AIM OF THE TASK> From the first line to the last, restate the material word for word, omitting pictures.

----- GIVEN MATERIAL

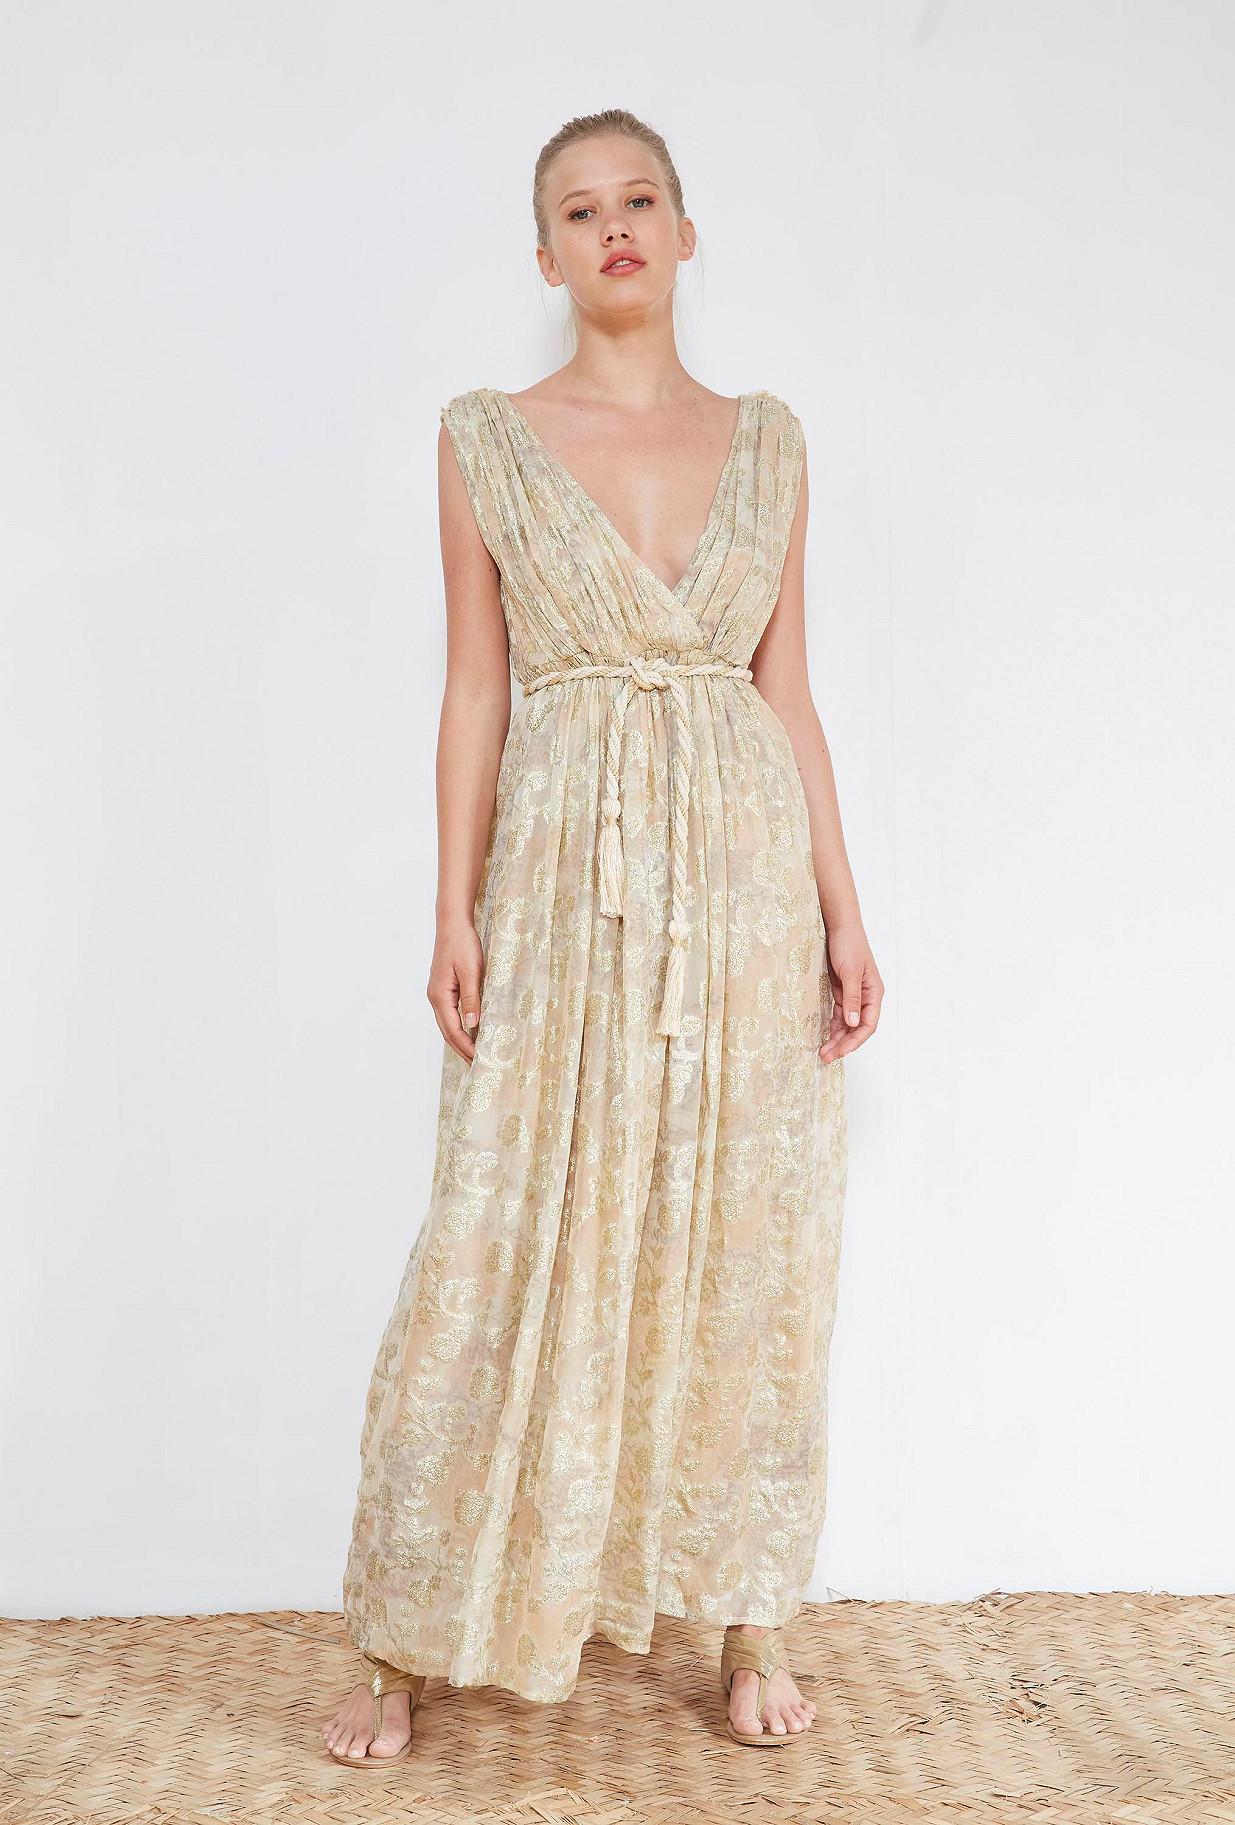 clothes store DRESS  Artem french designer fashion Paris
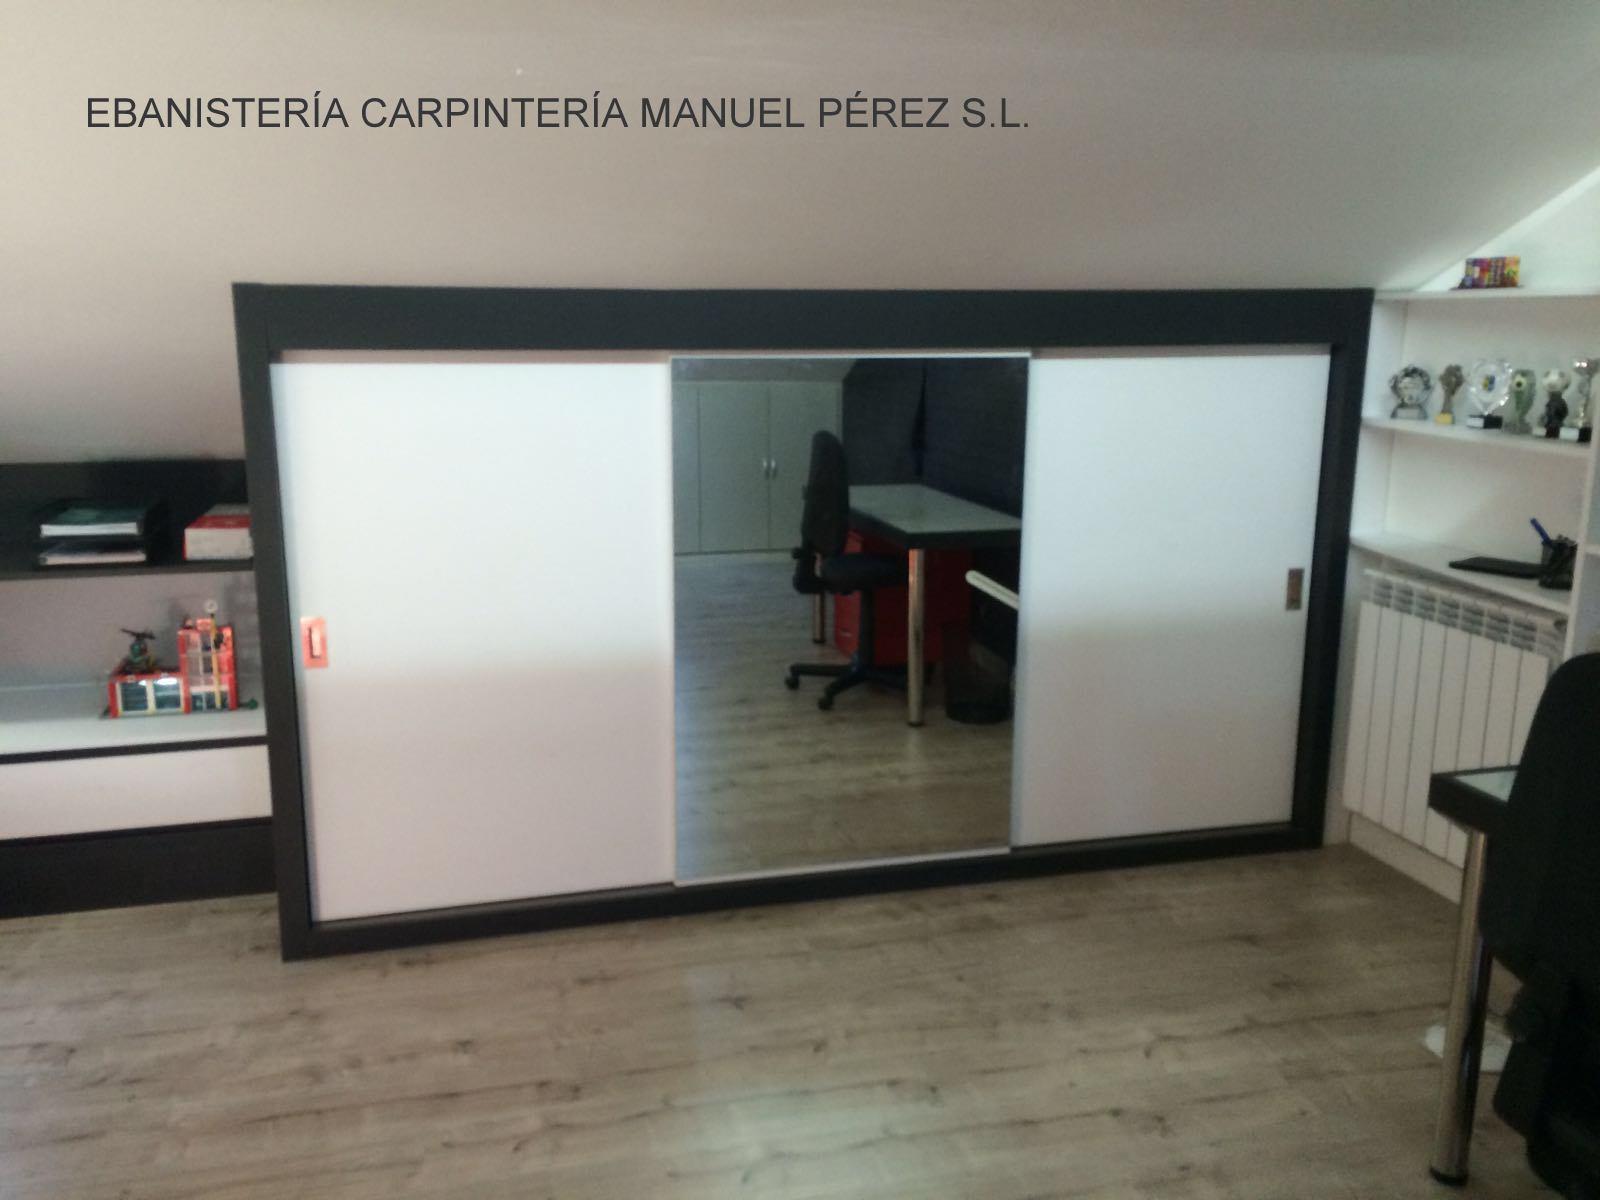 Ebanisteria carpinteria manuel perez zaragoza - Habitacion a medida ...
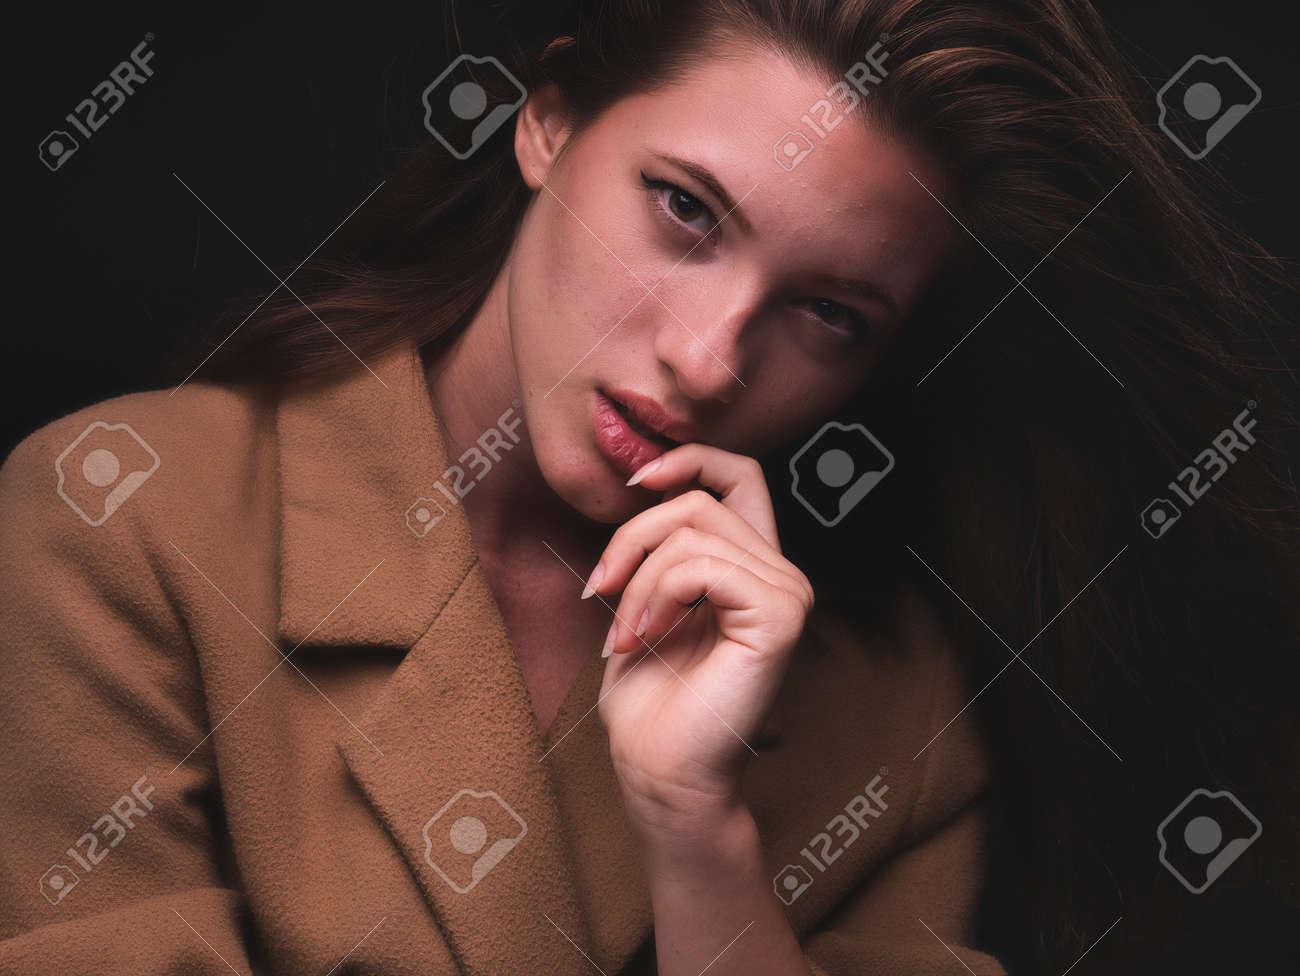 high key. Conceptual portrait with plastic sheets. One young woman strugling with plastic sheets. - 164118910

----------

OUTPUT FOR THIS EXERCISE>
 clothes store DRESS  Artem french designer fashion Paris
 Ebanisteria carpinteria manuel perez zaragoza - Habitacion a medida ...
 high key. Conceptual portrait with plastic sheets. One young woman strugling with plastic sheets. - 164118910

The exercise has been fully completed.